Bladder cancer surveillance and robotic surgery: Managing the oncology surveillance and surgical market workflow — managing non-muscle-invasive bladder cancer surveillance cystoscopy scheduling with cytology and intravesical therapy coordination for the regular bladder cancer surveillance that NMIBC management requires from the frequent monitoring that recurrence prevention demands, coordinating robotic-assisted surgical procedure scheduling for radical prostatectomy, partial nephrectomy, and nephroureterectomy with hospital or surgical center, da Vinci robot availability, and pre-operative clearance for the minimally invasive robotic surgery that urology's surgical excellence requires, managing sacral neuromodulation device implantation scheduling for refractory incontinence and urgency patients with implant programming and follow-up for the neuromodulation therapy that severe overactive bladder requires, and maintaining the surgical quality that the urology practice's operative revenue — where organized robotic surgery and surveillance creating the surgical program that urology's subspecialty expertise delivers — requires for the cancer management that robotic coordination produces.

Insurance authorization and billing: Managing the revenue operations workflow — managing prior authorization for robotic surgery, Botox bladder injection, sacral neuromodulation, and specialty urology procedures with medical necessity documentation and authorization tracking for the insurance coverage that expensive urology procedures require, preparing urology billing with cystoscopy codes 52000-52310, stone treatment codes 52310-52315, prostate procedure codes, and E&M codes with urological diagnoses for accurate urology claim submission, and maintaining the billing quality that the urology practice's financial operations — where accurate urology coding with procedure and surgical billing creating the revenue timing that physician compensation and surgical costs require — demands for the authorization management that billing coordination produces.

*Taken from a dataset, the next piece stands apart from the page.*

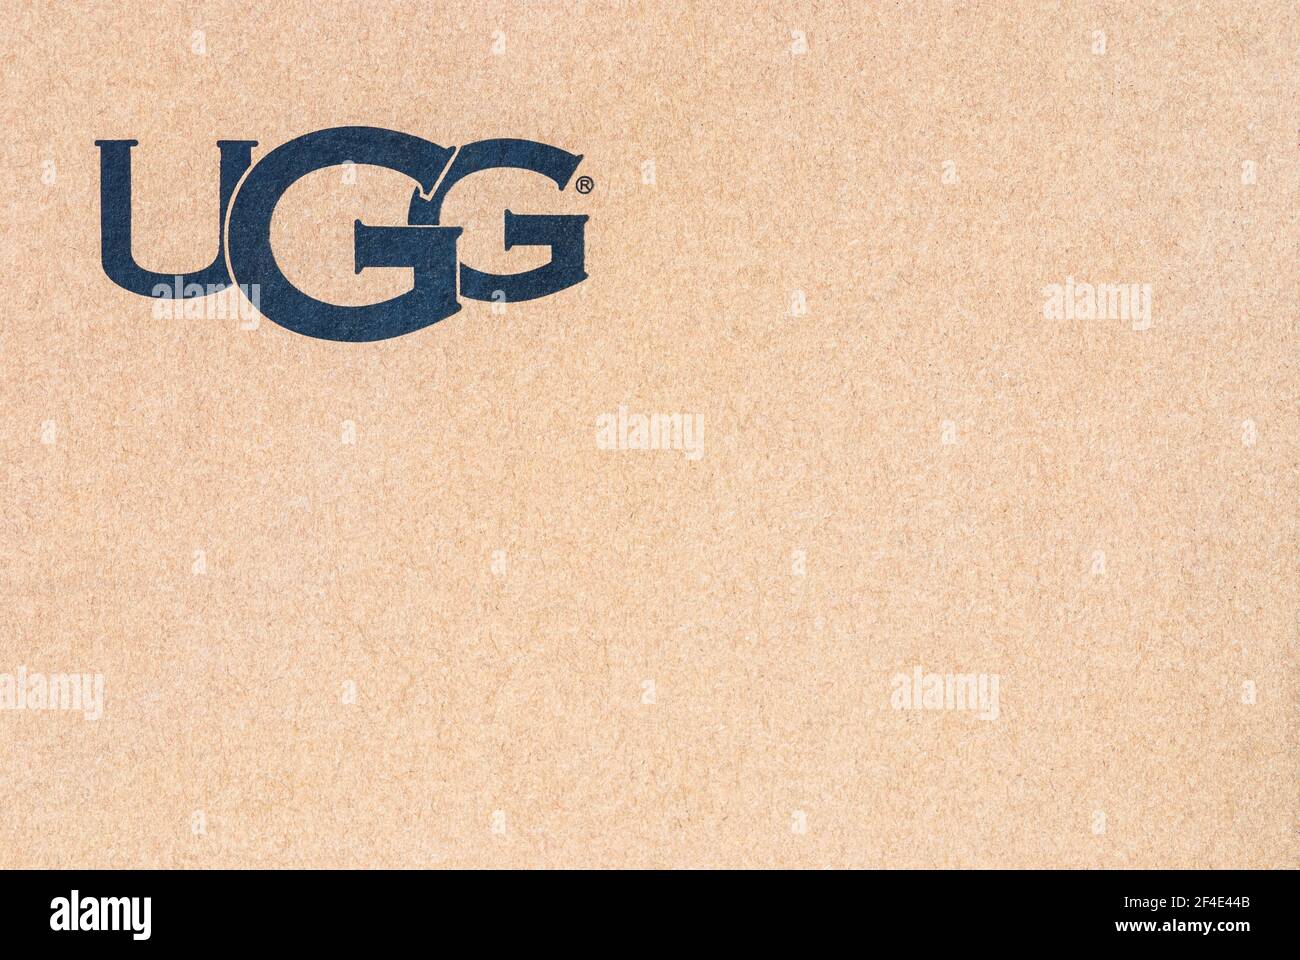 UGG Schuhfirma Logo auf Karton Schuhkarton, Moskau, 13. März 2021  Stockfotografie - Alamy
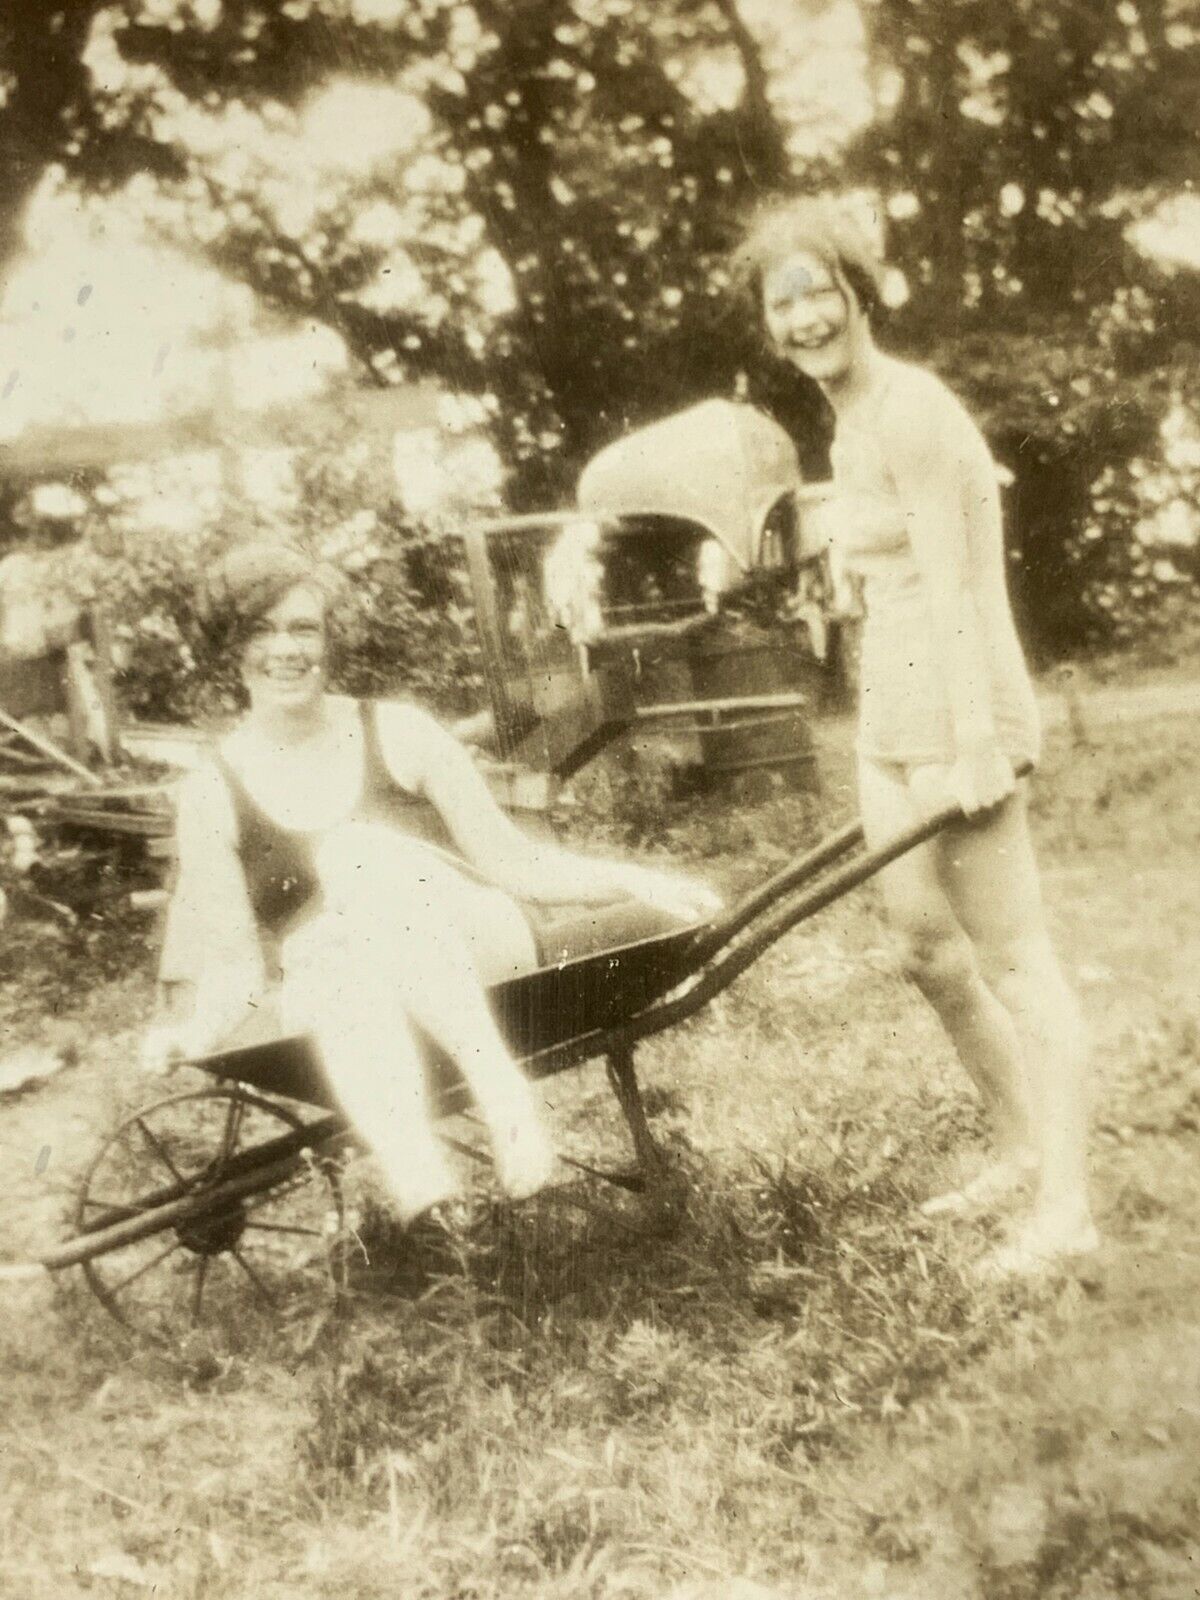 (AmJ) FOUND Photo Photograph Vintage Glowing Girls Wheelbarrow Exposure Odd

Urologist and Urology Practice Business Economics

For a urology practice with annual revenue of $2.4 million:

  • Annual urological surgery and procedure revenue: $1,200,000 (primary procedural revenue)
  • Prostate cancer evaluation and oncology program: $480,000 additional annual revenue
  • BPH treatment and men's health program: $360,000 additional annual revenue
  • Bladder cancer surveillance and female urology program: $240,000 additional annual revenue
  • Kidney stone management and lithotripsy program: $120,000 additional annual revenue
  • Urologist VA (part-time): $600–$1,200/month
  • Annual net revenue impact: $55,000–$85,000

Virtual Assistant VA's urologist and urology practice support services provide trained urology and healthcare administration industry VAs experienced in prostate cancer evaluation and biopsy scheduling, cystoscopy and in-office procedure scheduling, kidney stone and lithotripsy coordination, BPH treatment and testosterone therapy management, bladder cancer surveillance and robotic surgery scheduling, insurance prior authorization for urology procedures, and urology billing — enabling board-certified urologists to maximize diagnostic and surgical expertise without procedure scheduling and cancer surveillance consuming physician time that prostate assessment, stone management, and robotic surgery require.